Подводя итоги, можно сказать, что в «Большом разочаровании» самоубийство становится знаком неоромантического неприятия материального мира, «аннигиляции» человеческого духа из сугубо материальной реальности; самоубийство выявляет новый этап в развитии «американской мечты» – материальное благополучие любой ценой, «разумный» прагматизм за счет отказа от нематериальных ценностей. Это связывает фильм с идеологией хиппи-культуры 60-х и с поэтикой представителей школы «горячего сердца» в американской литературе (Джек Лондон, Эрнест Хемингуэй, Джером Дэвид Сэлинджер).

 

[1] Спэнкерен К. ван. Краткая история американской литературы //www.gumer.info/bibliotek_Buks/History/spankeren/46.php (дата обращения: 01.11.2014).

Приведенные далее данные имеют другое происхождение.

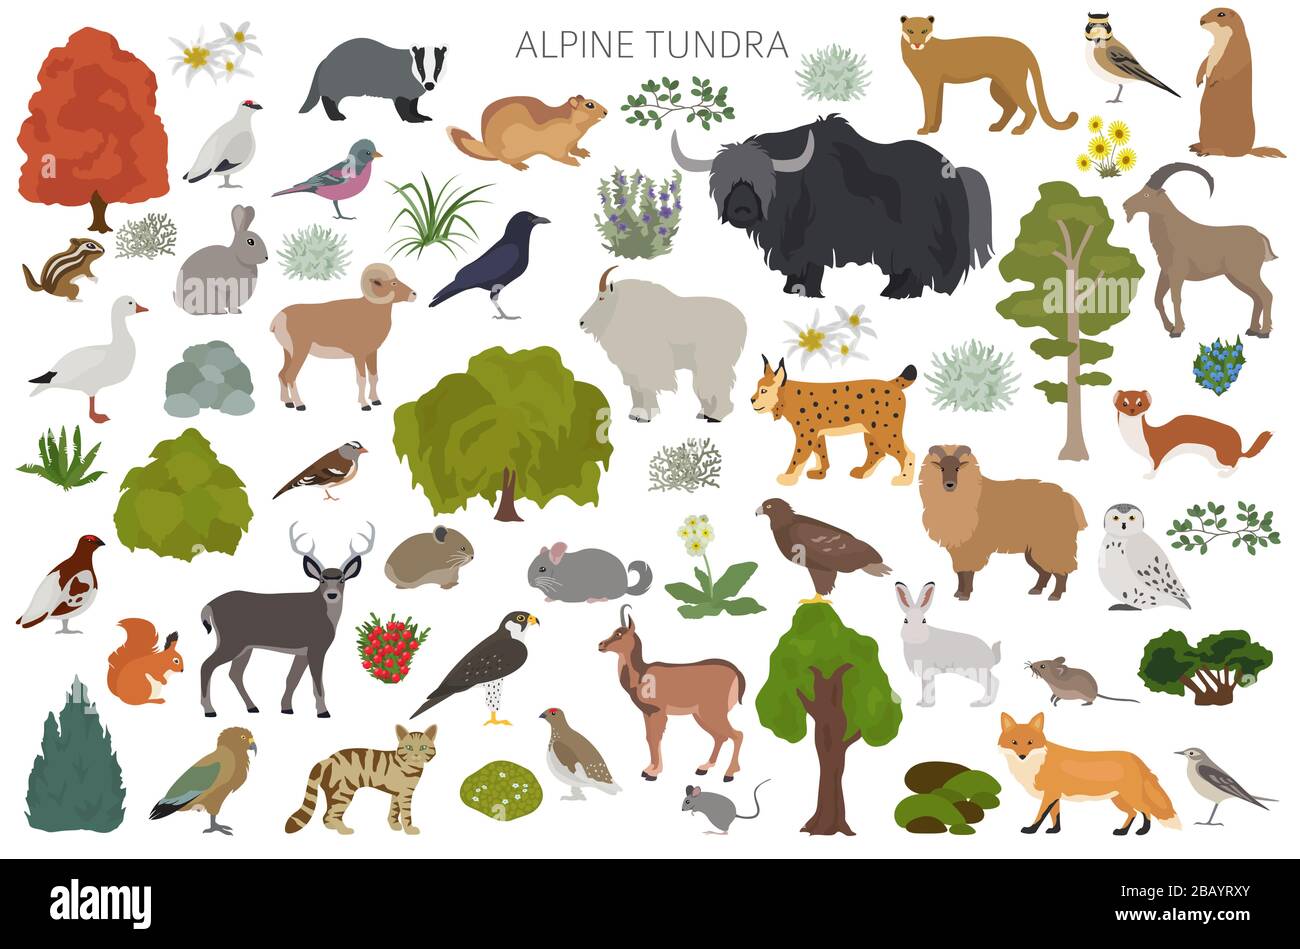 Apine Tundra biome, natürliche Region Infografik. Weltkarte für terrestrisches Ökosystem. Tiere, Vögel und Pflanzen entwerfen Set. Vektorgrafiken Stock Vektor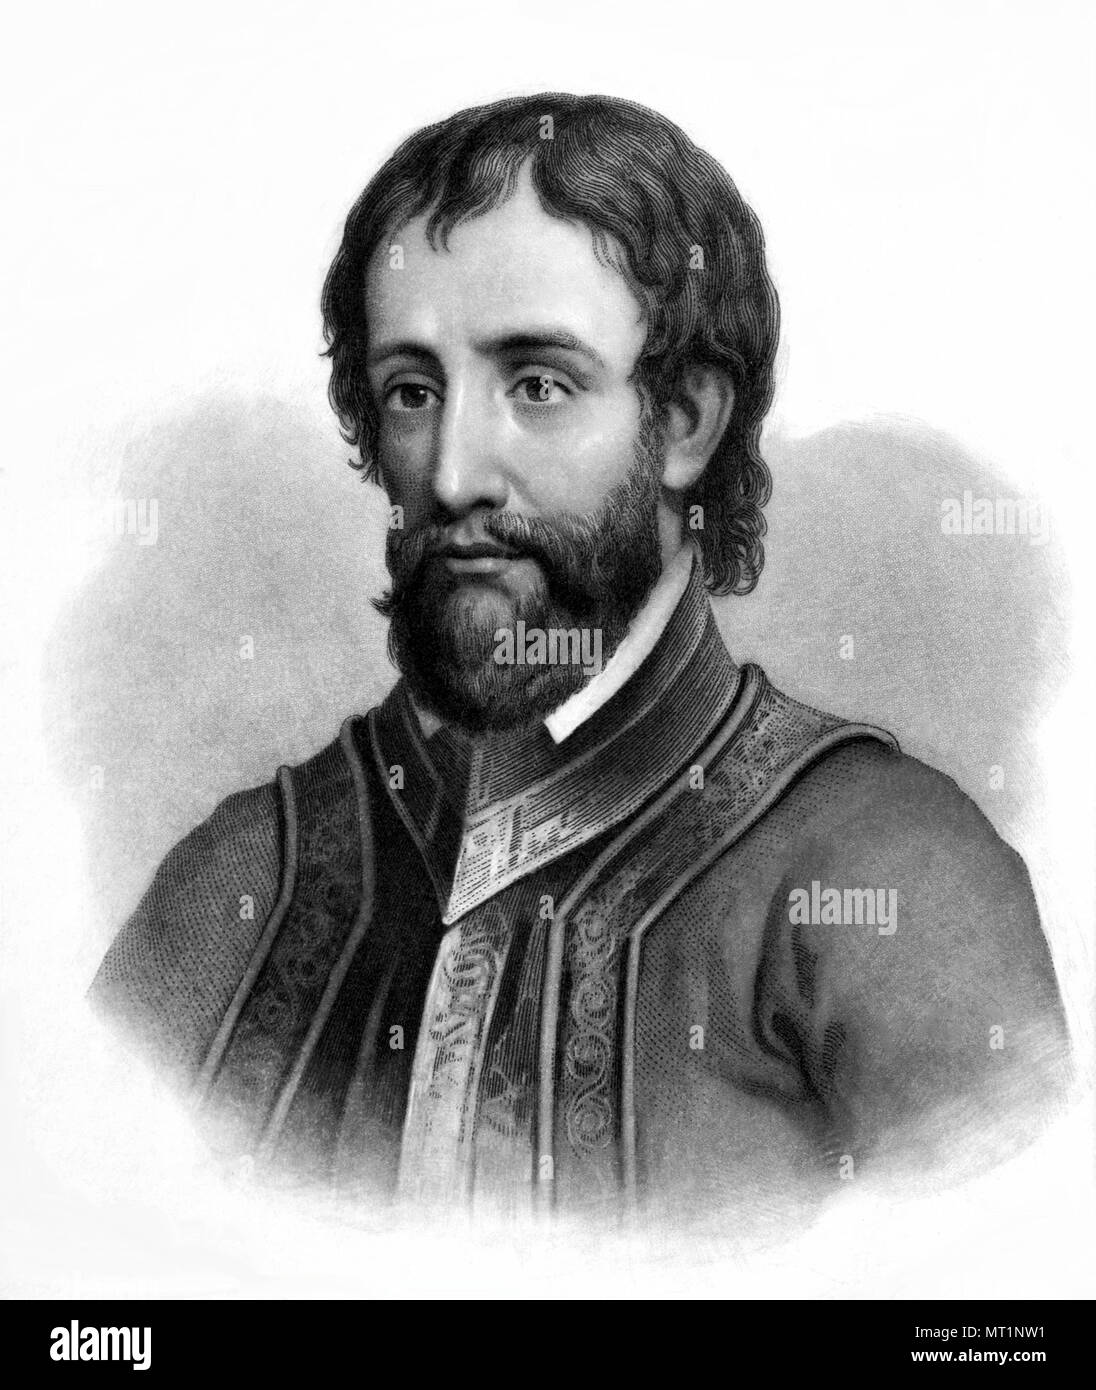 Hernando de Soto (1495 - 1542) l'explorateur espagnol Banque D'Images

[2] Созина Е.К. Мотив перверсных пиров в русской поэзии 1830–1870-х годов // Архетипические структуры художественного сознания / Сост. Е.К. Созина, Л.Ю. Прудникова; под ред. Е.К. Созиной. Екатеринбург, 2002. Вып. 3. С. 121.

[3] Об архетипической семантике моста см.: Топоров В.Н. Пространство и текст // Текст: семантика и структура / Отв. ред. Т.В. Цивьян. М., 1983. С. 263.

[4] Ср.: Фрейденберг О.М. Поэтика сюжета и жанра / Подгот. текста и общ. ред. Н.В. Брагинской. М., 1997. С. 227.

[5] Цит. по: Толкачев С.П. Американская литература: элитарная и массовая // Пронин В.А., Толкачев С.П. Современный литературный процесс за рубежом. М., 2000. С. 115.